_INSTRUCTIONS TO FOLLOW:_ The reply should contain the full listing exactly as written and no pictures at all.

_THE DATA:_
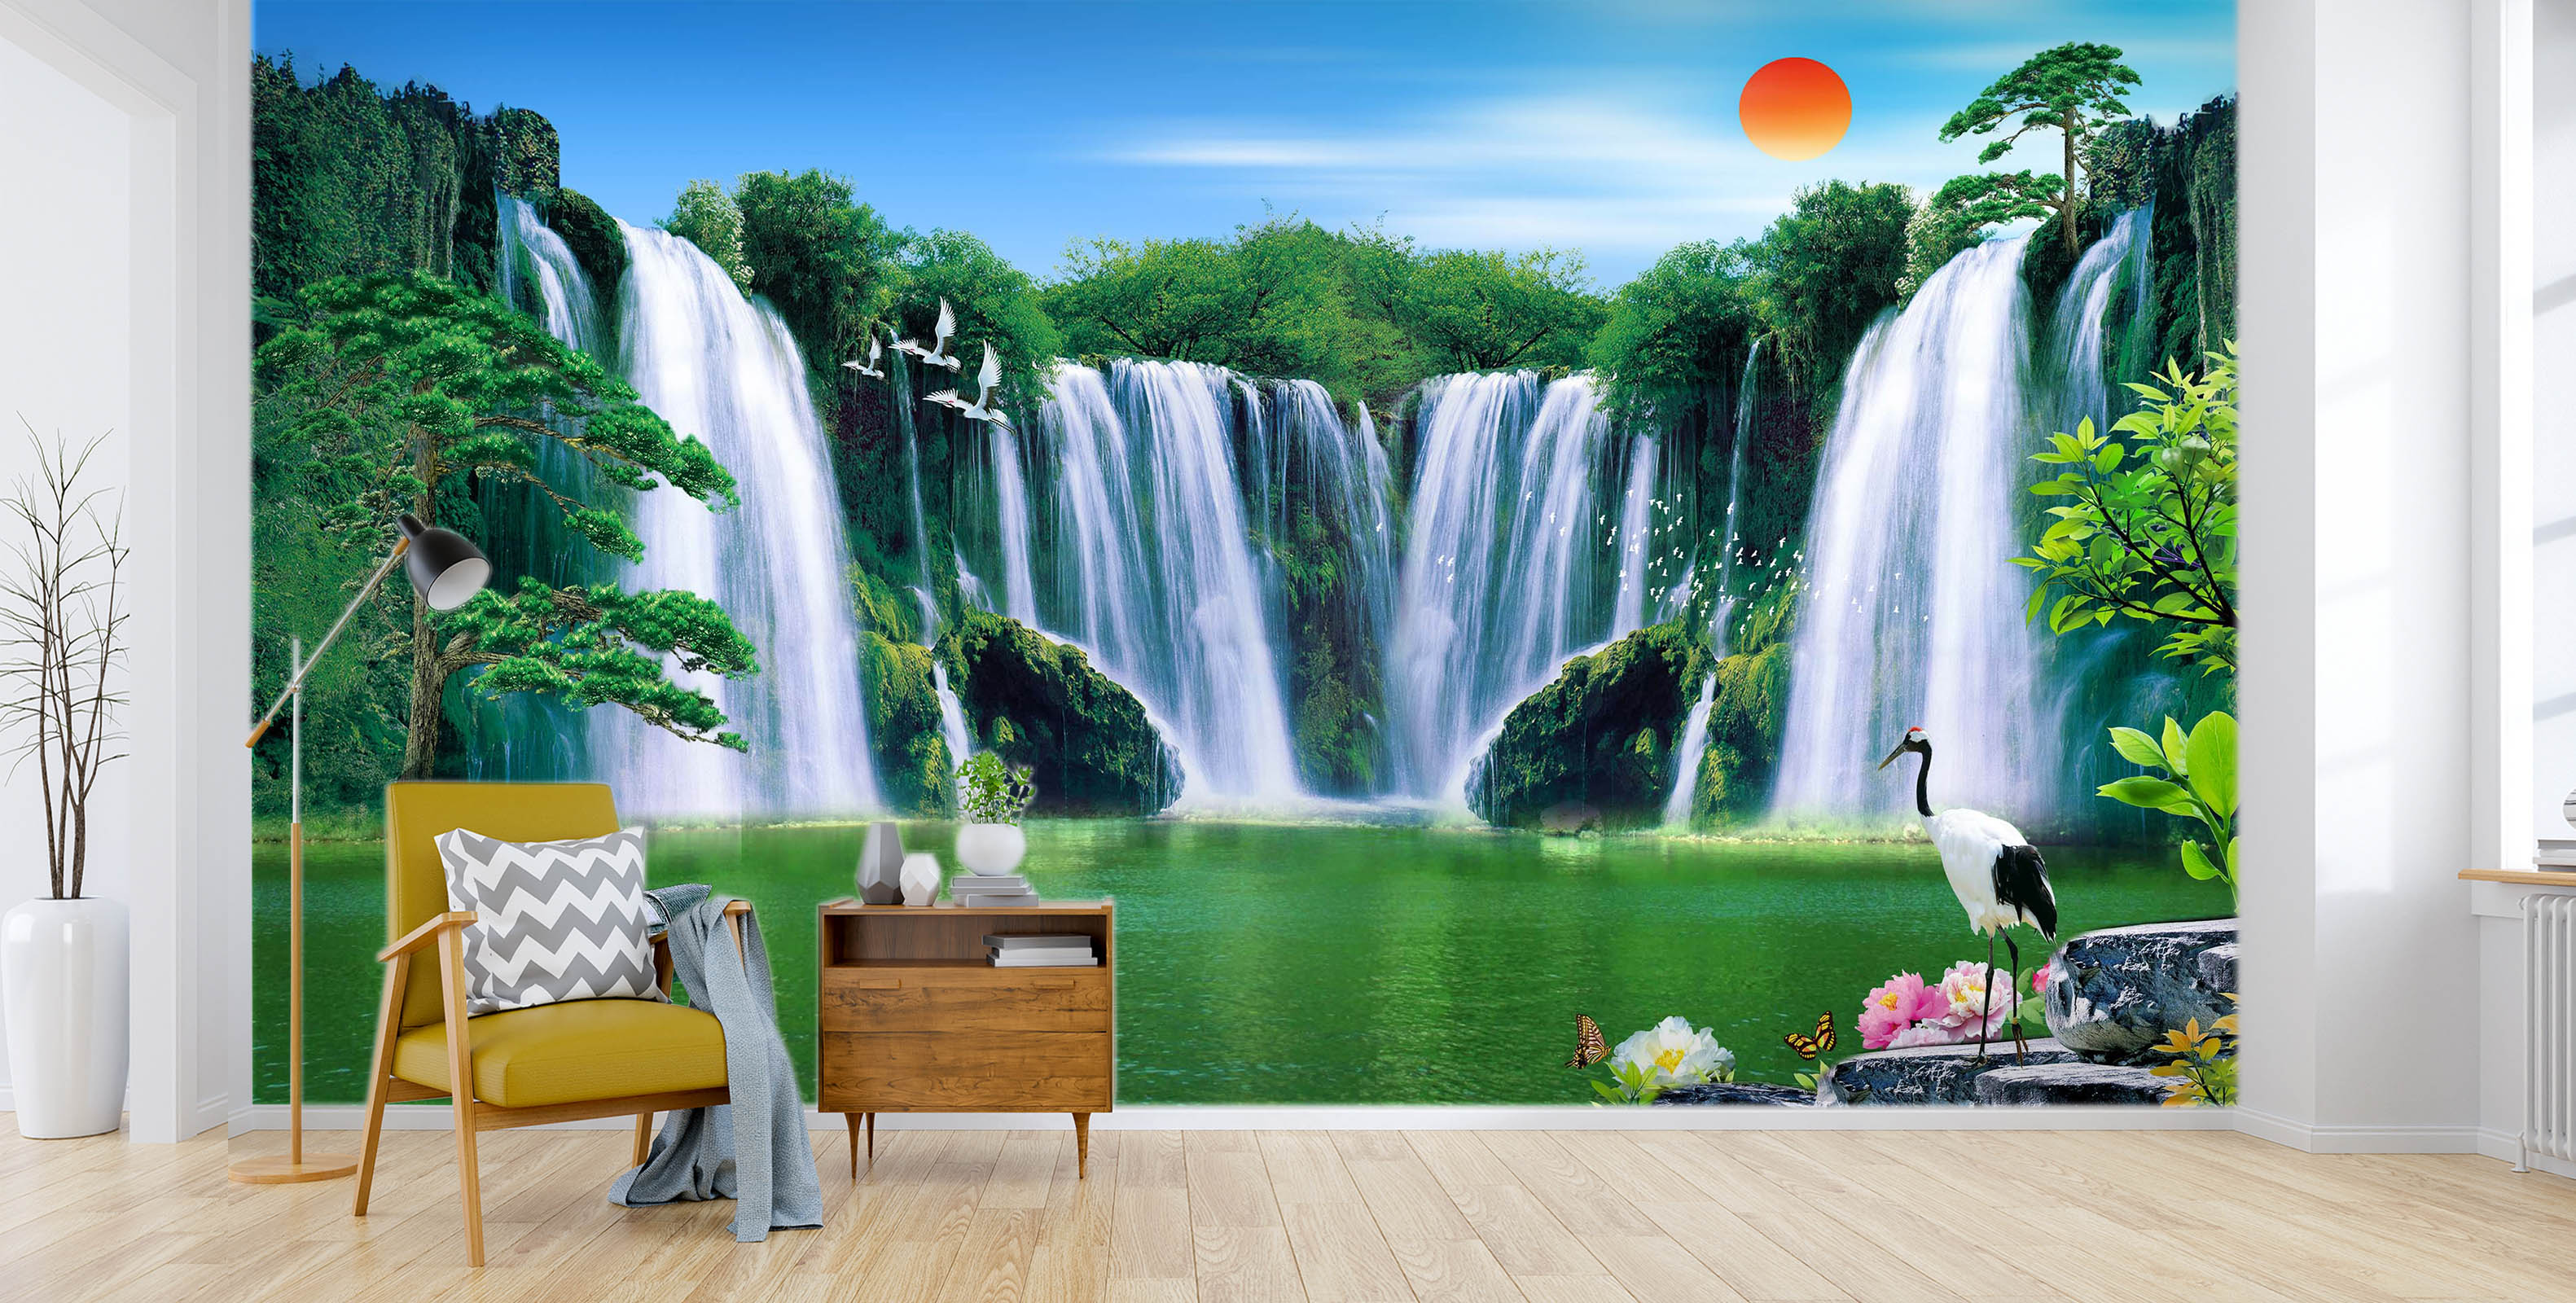 3D Landscape Waterfall 1503 Wall Murals
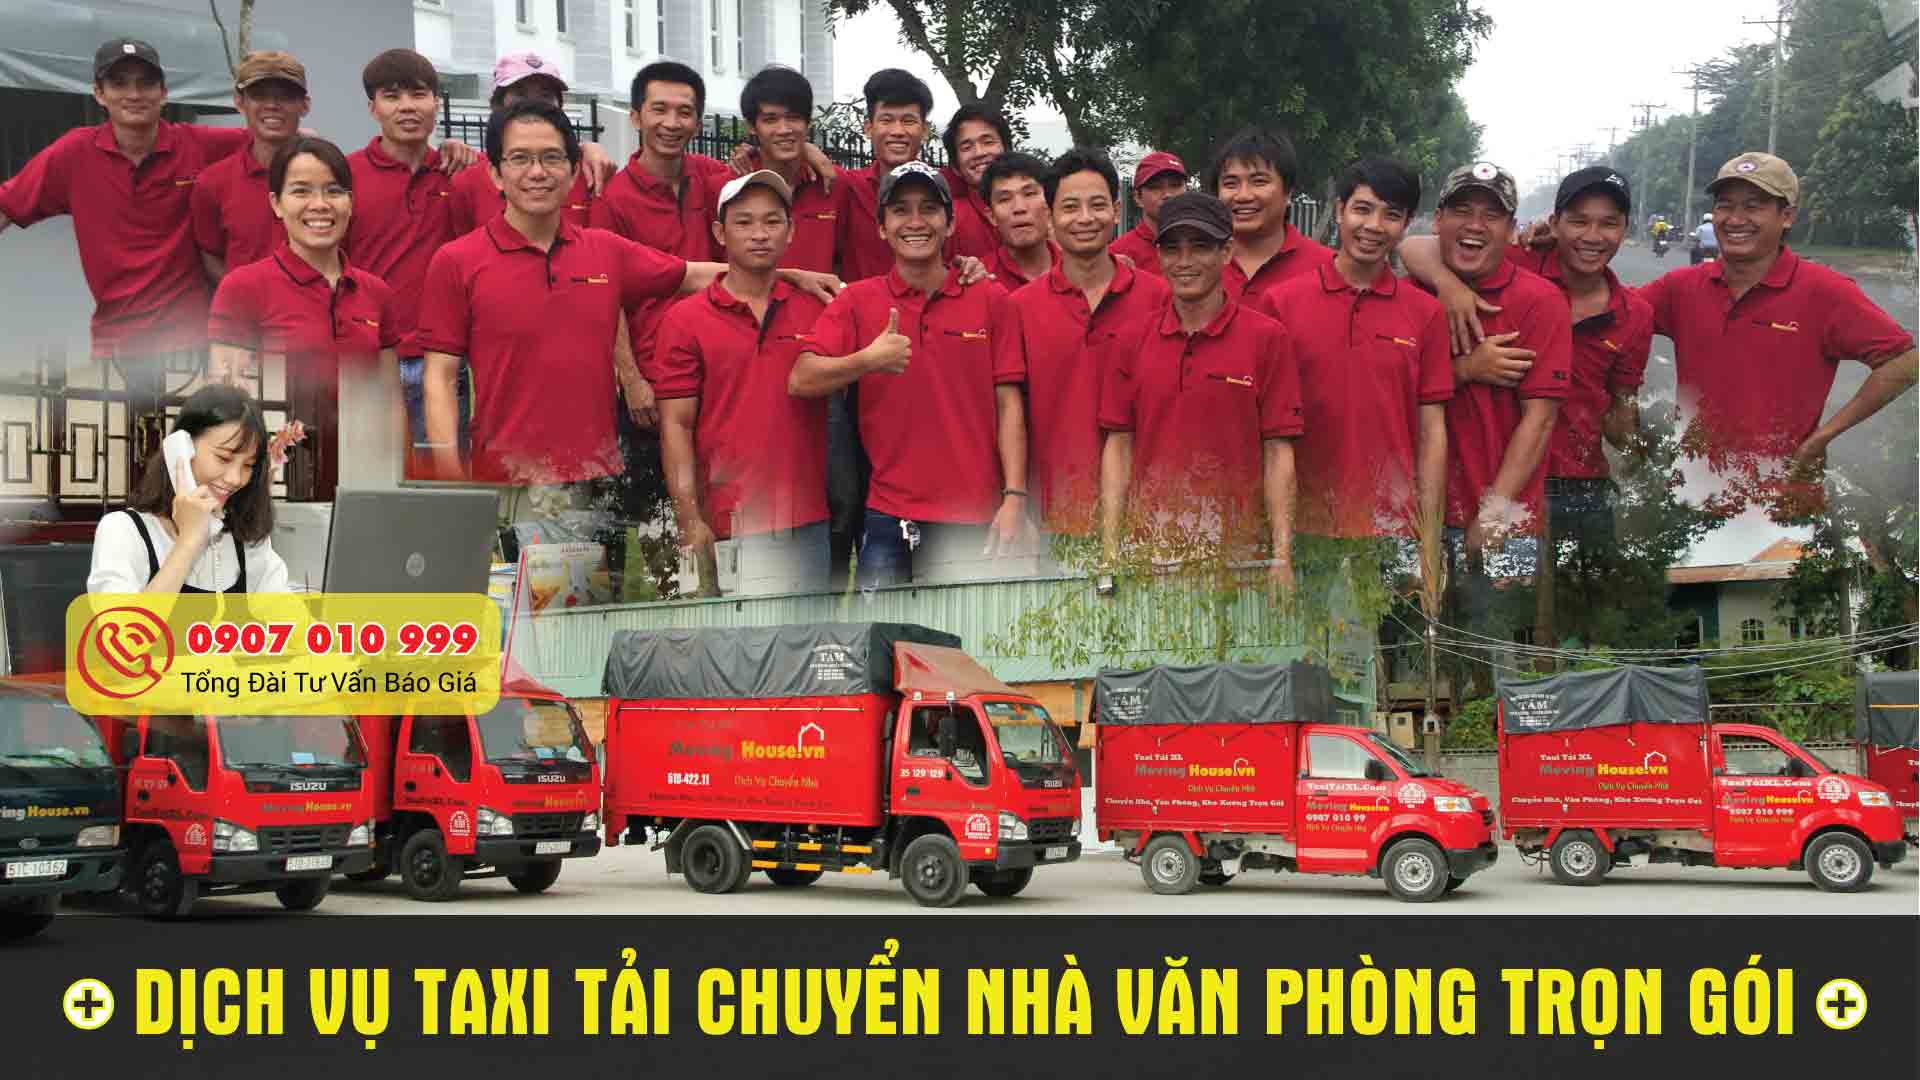 Taxi tải Xá Lợi - Đơn vị cung cấp dịch vụ taxi tải ở TP. HCM
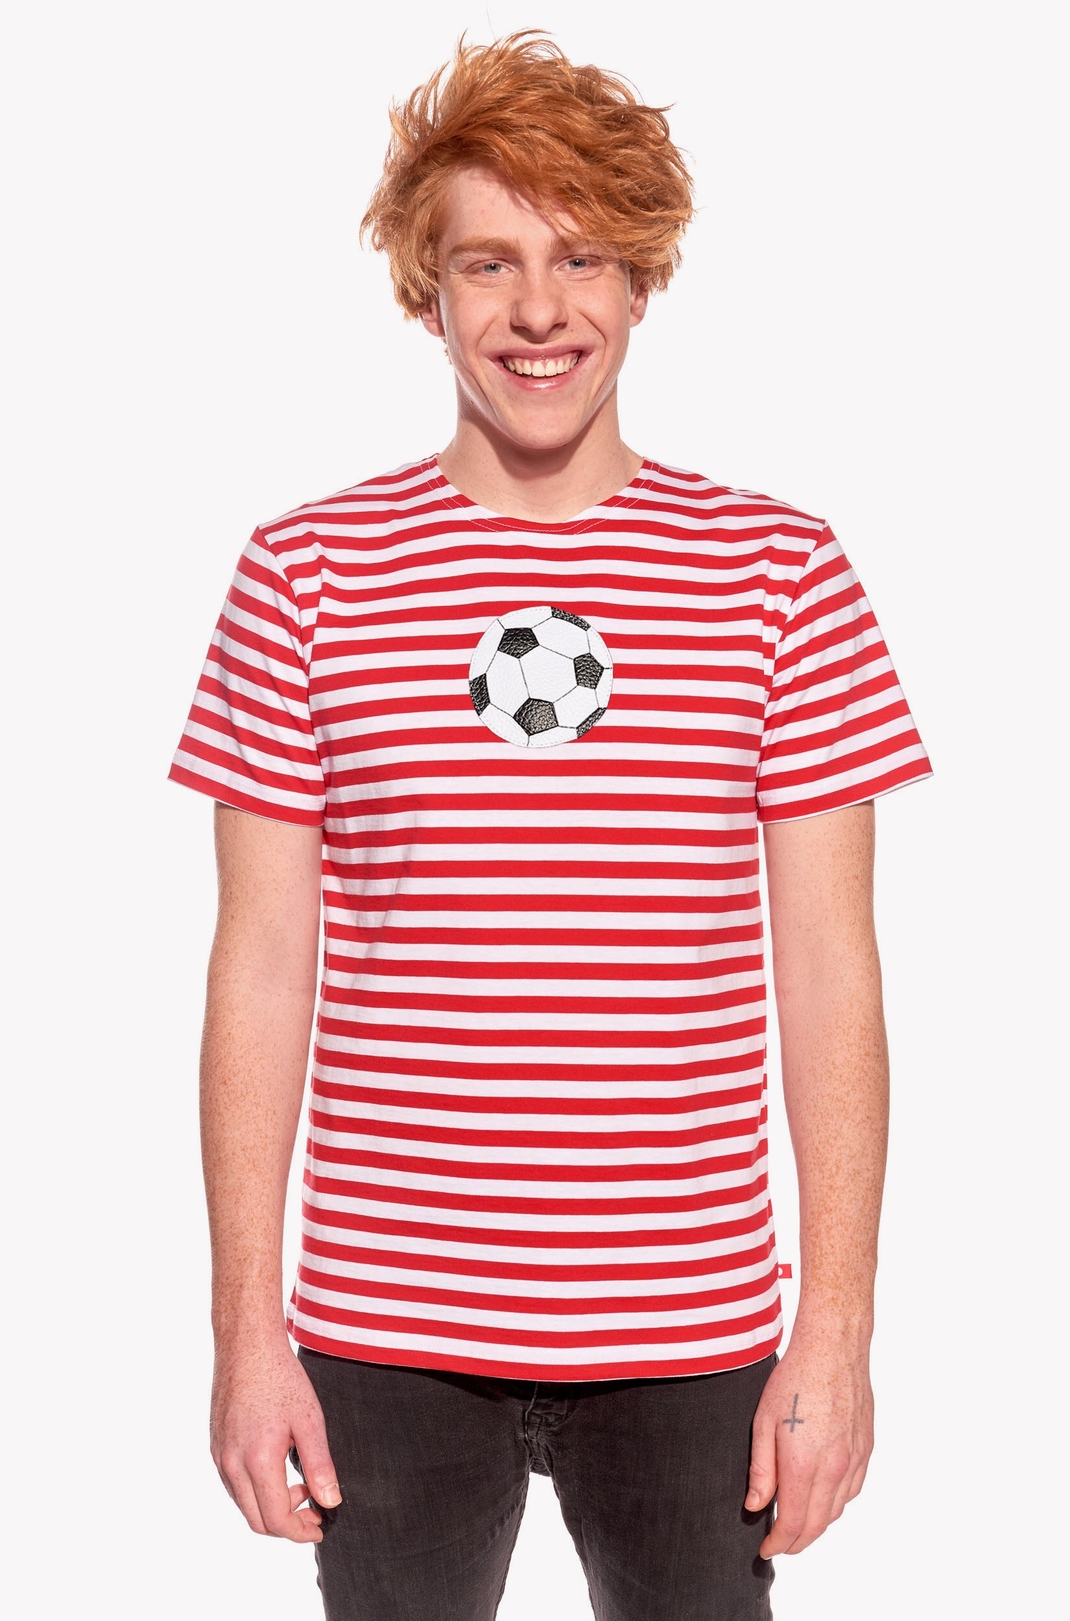 Tričko s futbalkou

_SOLUTION:_
 3D Landscape Waterfall 1503 Wall Murals
 Taxi tải Xá Lợi - Đơn vị cung cấp dịch vụ taxi tải ở TP. HCM
 Tričko s futbalkou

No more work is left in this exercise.